When State Radio pulls into town for a gig, fans are likely to find bandmembers working in a food bank, protesting in the streets, or doing something equally decent long before the doors open. Dedicated to human rights and common decency, the trio has created a deep bond between political activism and hard-rocking onstage agitprop. The trio continues to castigate the power structure on its new album, Let It Go, while continuing to organize for concrete social change through its online activist network, Calling All Crows. The group is headlining a tour through November 7 before joining 311 for a series of dates from November 22 through December 8. Catch a show -- or even better, join them at one of their public-service events or teach-ins earlier in the day.

We recently caught up with singer-songwriter-guitarist Chad Urmston in Athens, Georgia, where we asked him about State Radio's endorsement of Alan Khazei for the Massachusetts senate seat left recently left vacant by the late Senator Ted Kennedy.

HeadCount: It's rare for a band to outright endorse a candidate for public office. What made State Radio decide to throw its support to Alan Khazei? Is there a personal connection?

Chad Urmston: We really respected Senator Ted Kennedy for what he'd done for Massachusetts over the last forty-six years, and he left a huge and important vacancy. When we heard that Alan was running, we knew who he was through our connection with City Year and thought, here's a smart guy. He's not a career politician and he believes in public service and lines up with us on healthcare and education. He's a real person, something we're not used to in politics.

Someone could almost say the opposite about Ted Kennedy.

That's what was so impressive about Kennedy. Although he was born and raised to go into politics, and rose through the ranks as a politico with tons of money, he was always aware of people who were less fortunate, and the legislation he passed reflected that.

What was the City Year connection?

Alan was co-founder of City Year, a domestic Peace Corps for kids eighteen to twenty-five years old who are paid to dedicate themselves to service for a year. It's in nineteen cities across America, and in South Africa, and has a $46 million budget. It's served more than 75,000 children and it's part of Americorps. Three of our crew members are City Year alums. Every four or five shows we'll work with City Year when we do public service projects before shows in different cities. It's an amazing program that really transforms inner-city kids, who go through the program and become leaders of tomorrow.

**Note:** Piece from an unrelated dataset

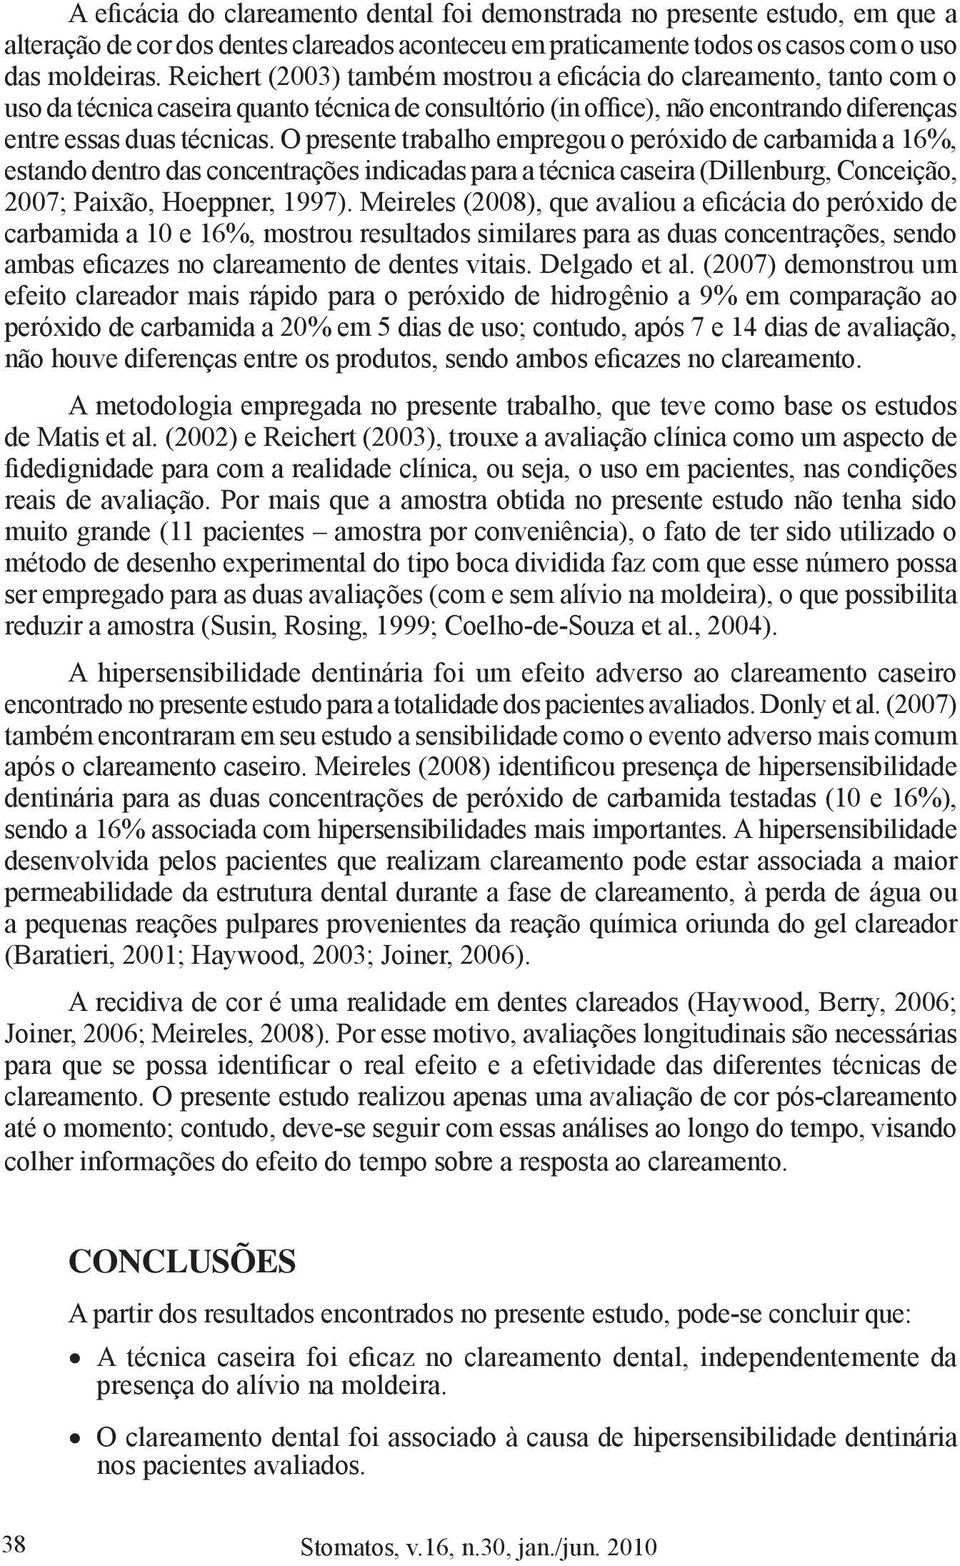 O presente trabalho empregou o peróxido de carbamida a 16%, estando dentro das concentrações indicadas para a técnica caseira (Dillenburg, Conceição, 2007; Paixão, Hoeppner, 1997).

How did Calling All Crows come about? How do you choose your causes among so many terrible problems in the world?

We were doing many benefit shows, and we'd started doing public-service projects during the day before our shows. Other bands started asking us about it, so we decided to make it a little more official. We could ascertain where the money goes after we raise it. Now people ask us to do Calling All Crows benefit shows. Our goal this year is to raise $100,000, which will provide 5000 stoves for women in Sudanese refugee camps. At the same time we also focus on public service, so Calling All Crows was a way for us to brand our public service, offer it to other bands, and start a network. Calling All Crows draws off all the traffic the band was attracting; it's kind of our little brother. We have a big online network online with lots of information. People are really ineractive with each other, too. And now many more fans show up before shows, because the information is right there.

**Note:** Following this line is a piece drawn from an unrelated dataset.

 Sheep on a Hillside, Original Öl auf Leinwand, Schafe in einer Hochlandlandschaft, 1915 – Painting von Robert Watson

We also have a program called How's Your News?, which is a news team with disabilities. It was picked up by MTV last year. We've been doing it for fifteen years, making our own movies. This project is mostly for fun, but it focuses on disability rights and treating people with disabilies like anyone else.

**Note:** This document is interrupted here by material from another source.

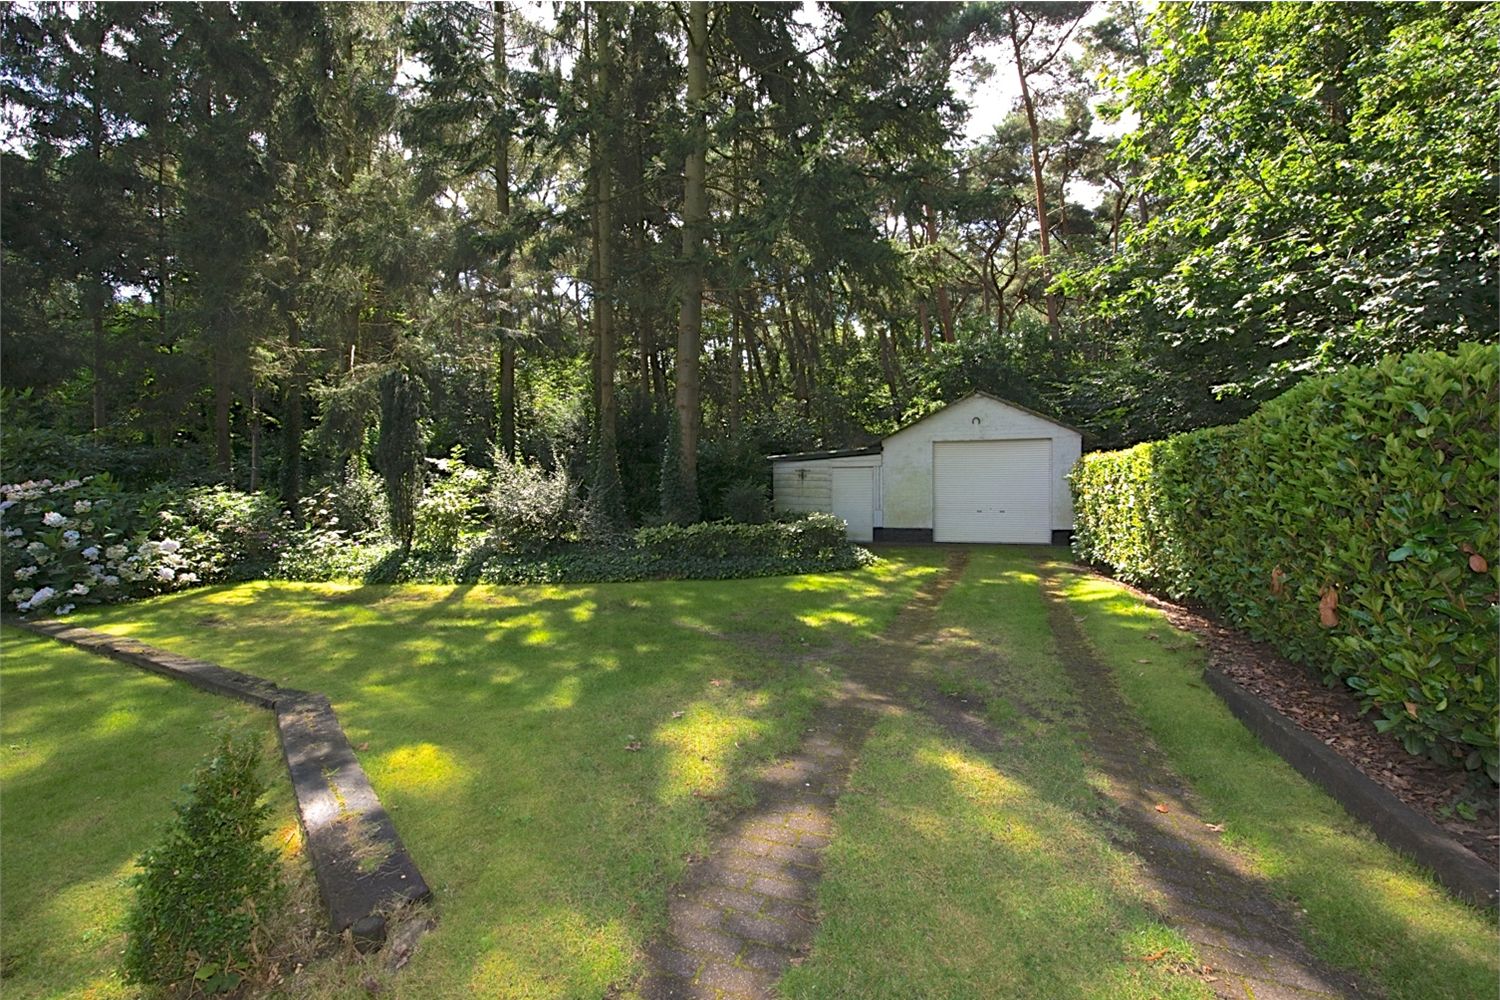 Villa verkocht in Heusden (9070)

What are the Teach-Ins for Troy?

Our overall focus is on human rights. We teamed up with Oxfam for the stoves for Sudanese women. The rest is kind of a public-service thing for whatever each particular town needs, such as food banks, poverty relief, or cleaning up urban spaces. But the Troy thing falls under our human-rights umbrella. We've been working on the Troy Davis case for a couple of years. He's a man from Georgia who was convicted of killing a white cop twenty years ago. He never received a fair trial and was convicted purely on witness testimony with no physical evidence. Seven of the nine witnesses have come out since then and said they were coerced into pointing their fingers at Troy, and that it actually wasn't Troy but this other guy. I heard about him through Amnesty International and got to know Troy's sister, who's the leader of the movement to free him. I've spoken to Troy a few times, and to his mom, and today we were out protesting on Athens's streets just to get people to know his name. He's an exmaple of why the death penalty is wrong. There's no DNA evidence. After twenty years and three execution dates (one of which was within 30 minutes of his scheduled execution), the Supreme Court has finally allowed an evidentiary hearing in Savannah, which happens in a few months.

How do you reconcile your rock-star status with your public-service work?

We’ve seen so many kids who come to shows and Calling All Crows events start their own projects. We're really face-to-face with a lot of really inspiring young people, whether it be through City Year or Teach For Ameirca or smaller groups. It's so rewarding, even if the majority of our audience is there to rock out and have fun. A handful of kids are really ready to make a difference. Like today, when we were protesting on the street almost everyone was on their way to lunch or class or whatever. But every now and then someone would stop and be curious. You learn to appreciate small connections.